Kim Seob Boninsegni

Né en 1974 à Séoul (Rep. de Corée), Kim Seob Boninsegni, est de nationalité Suisse et Française. En 1997 il entre à la Haute Ecole d’Art et de Design de Genève en section cinéma, avant de rejoindre l’année suivante le département d’art visuel. A ces années d’études se greffent ses premières expositions et interventions (Alternative Spaces, Kunsthaus ZH, Centre pour l’image contemporaine, GE). Il sort diplômé en 2001 avant de rejoindre le programme d’études du Palais de Tokyo à Paris jusqu’en 2002. A cette période les travaux produits sont essentiellement vidéos, que ce soit sous la forme d’installations (Traversées, Musée d’Art Moderne de la Ville de Paris) ou de vidéos projetées (31e Festival de Rotterdam, Video Trafic – FranceCultures, Viper Festival)

Dès 2005 il se pose la question du refoulé notamment à travers la pratique du dessin. Il plagie alors les productions adolescentes d’alors dont il essaie de se faire un souvenir. Plusieurs séries de dessins ainsi que des sculptures verront le jour (Galerie Guy Baertschi, Sculpture Center, Kunsthaus Glarus, Galerie Harris Lieberman, New Jerseyy Bâle).
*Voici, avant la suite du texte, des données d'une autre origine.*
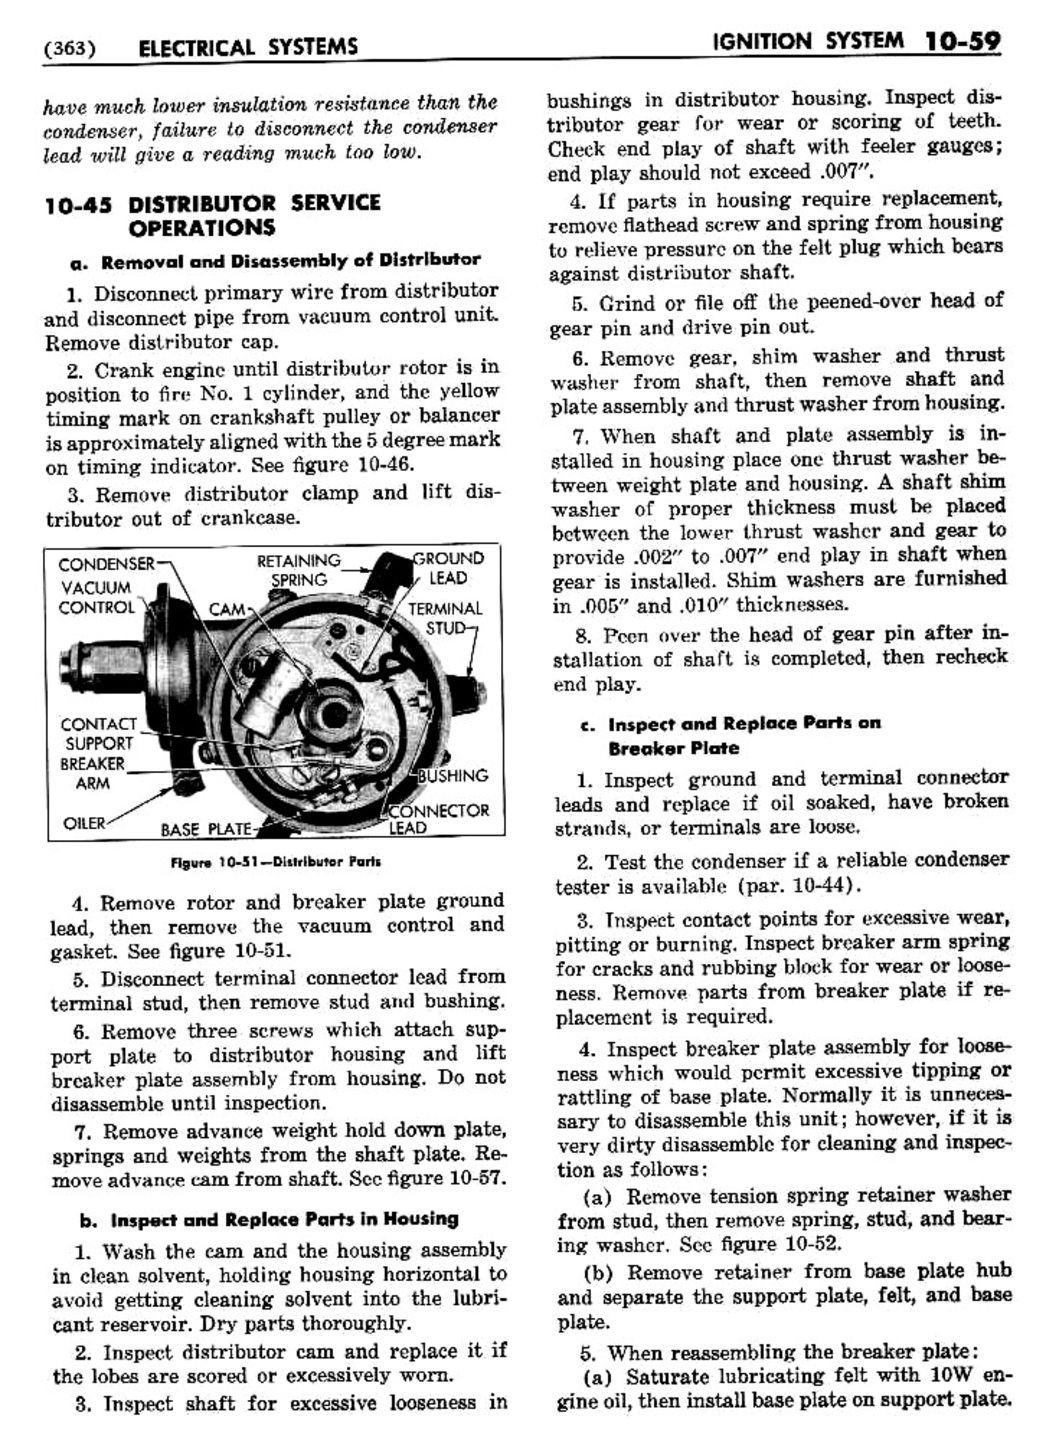 n_11 1955 Buick Shop Manual - Electrical Systems-059-059.jpg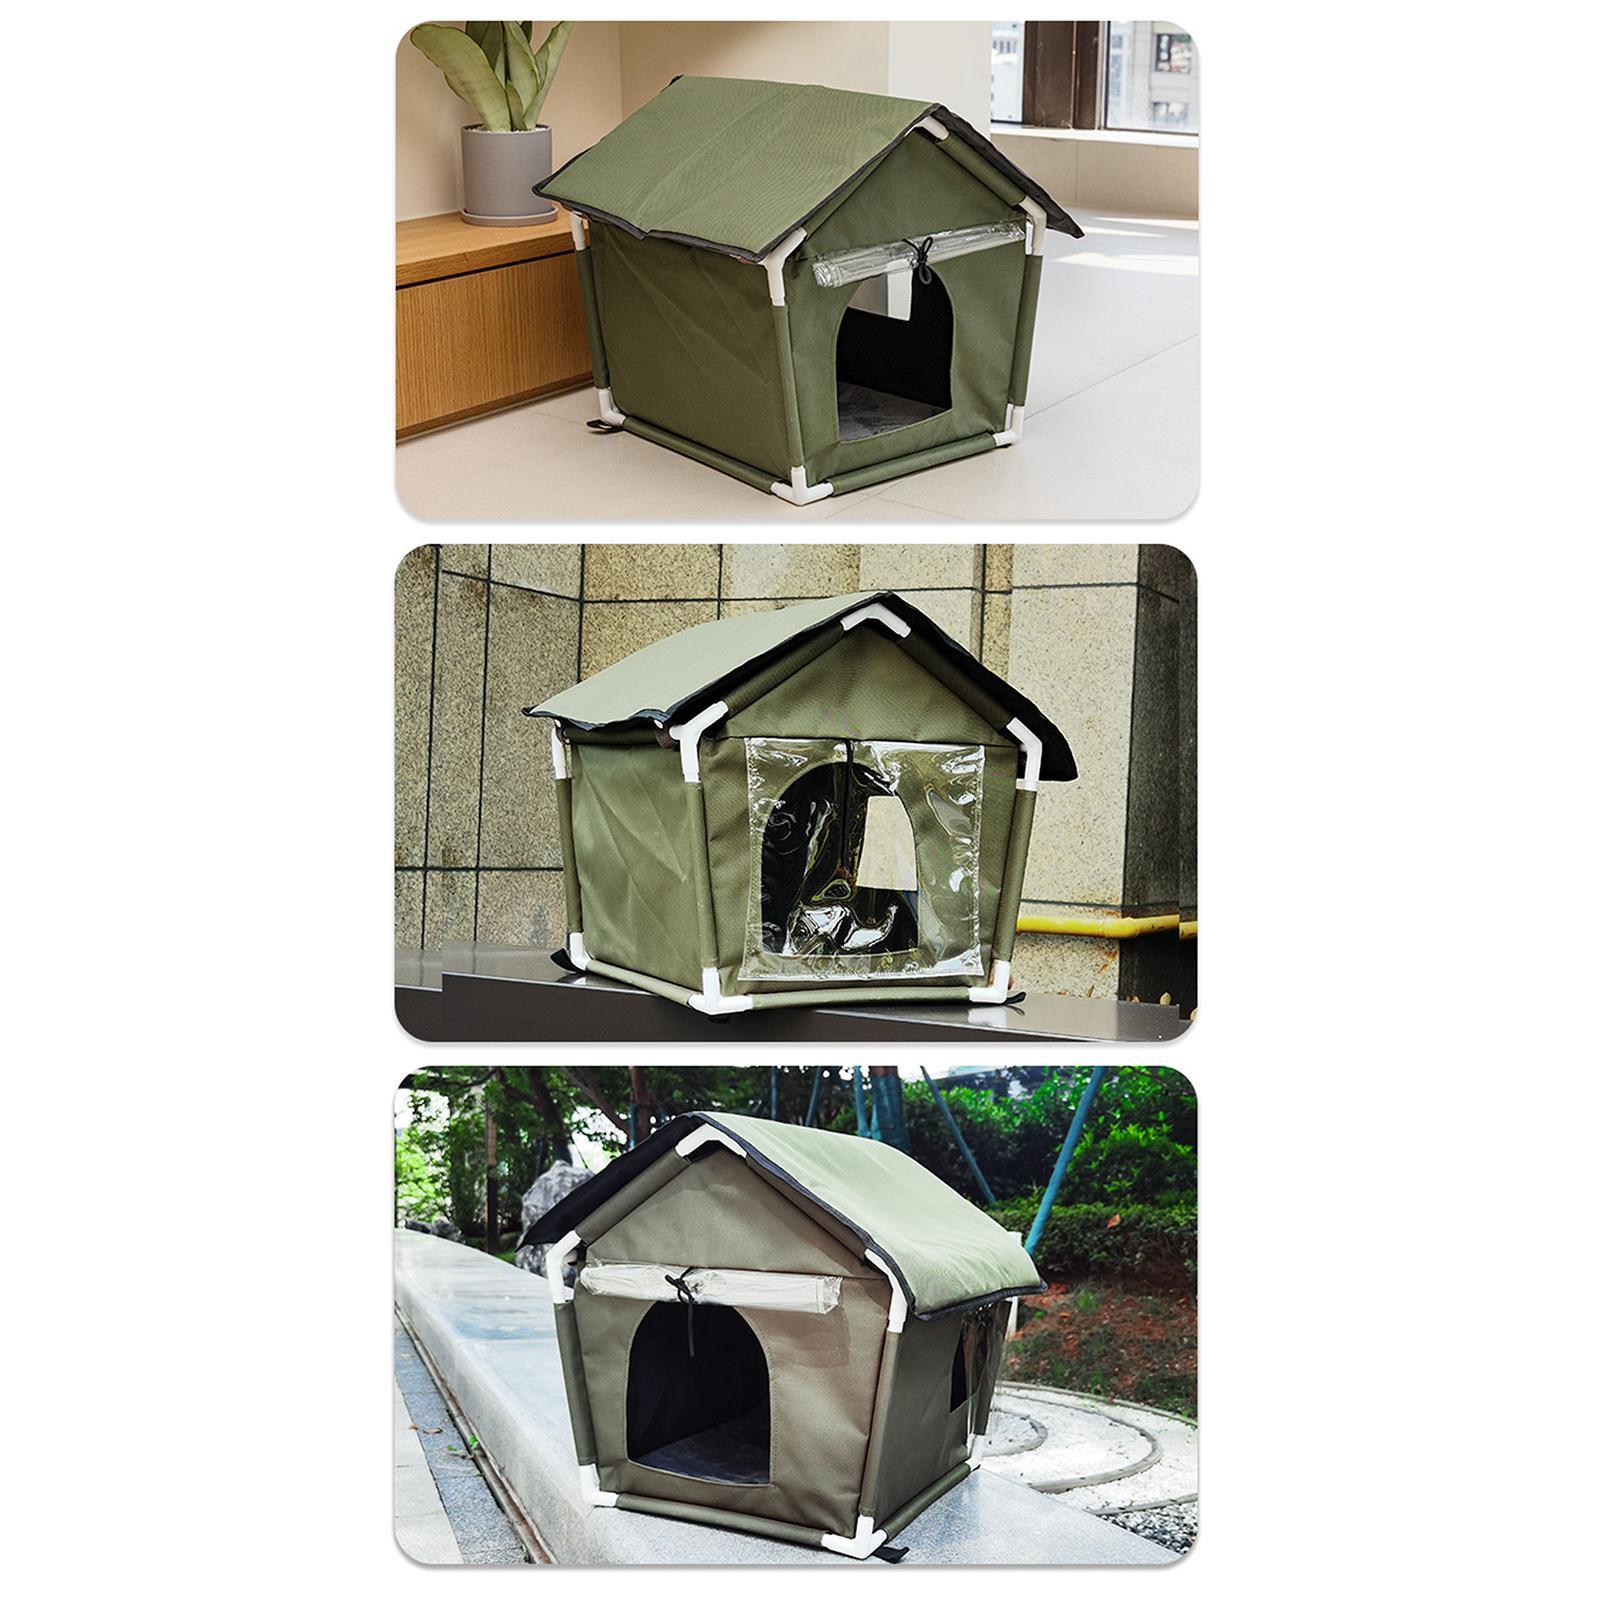 Cat Nest Sleeping Bed Pet Sleeping Bed for Puppy Outdoor Cats and Small Dogs

En parallèle il transforme son atelier de l’Usine – Genève en espace d’exposition (avec Aurélien Gamboni) jusqu’à devenir, de 2006 à 2008 co-commissaire de l’espace d’art Forde.

Il reçoit le Prix spécial de l’Office Fédéral de la Culture à la 9e Biennale de l’Image en Mouvement en 2001, le prix Kiefer Hablitzel en 2003, le Prix Lissignol-Chevalier de la Ville de Genève en 2006 et le Prix Fédéral d’art en 2007.

De manière complémentaire à sa pratique de plasticien, il gère régulièrement des mandats de programmation et écrit sur d’autres artistes pour diverses publications (Kaspar Müller, Prix Manor 2010, Vanessa Safavi, Cahiers d’artistes Pro Helvetia, Fabrice Gygi, Gygi and gas – JRP). Il est en outre, depuis 2009, intervenant extérieur à la Haute Ecole d’Art et de Design, Genève.

Depuis 2010, ses activités tendent à nouveaux à se diversifier, avec plusieurs projets de film ou de performance. Il réalise entre autre, en compagnie de Marie-Caroline Hominal, un spectacle de danse au Théâtre de l’Usine. Empreinte de culture populaire, sa démarche s’inscrit dans une tradition post-moderne imprégnée d’une pensée post-structuraliste. Néanmoins, depuis quelques temps, il tend a mettre en question ce legs en repartant de diverses approches esthétiques afin de les associer à ses recherches personnelles. Pour son travail, Passage(s) il tente d’y rabattre une « esthétique de l’hétérogène », notamment en lien avec l’adolescence.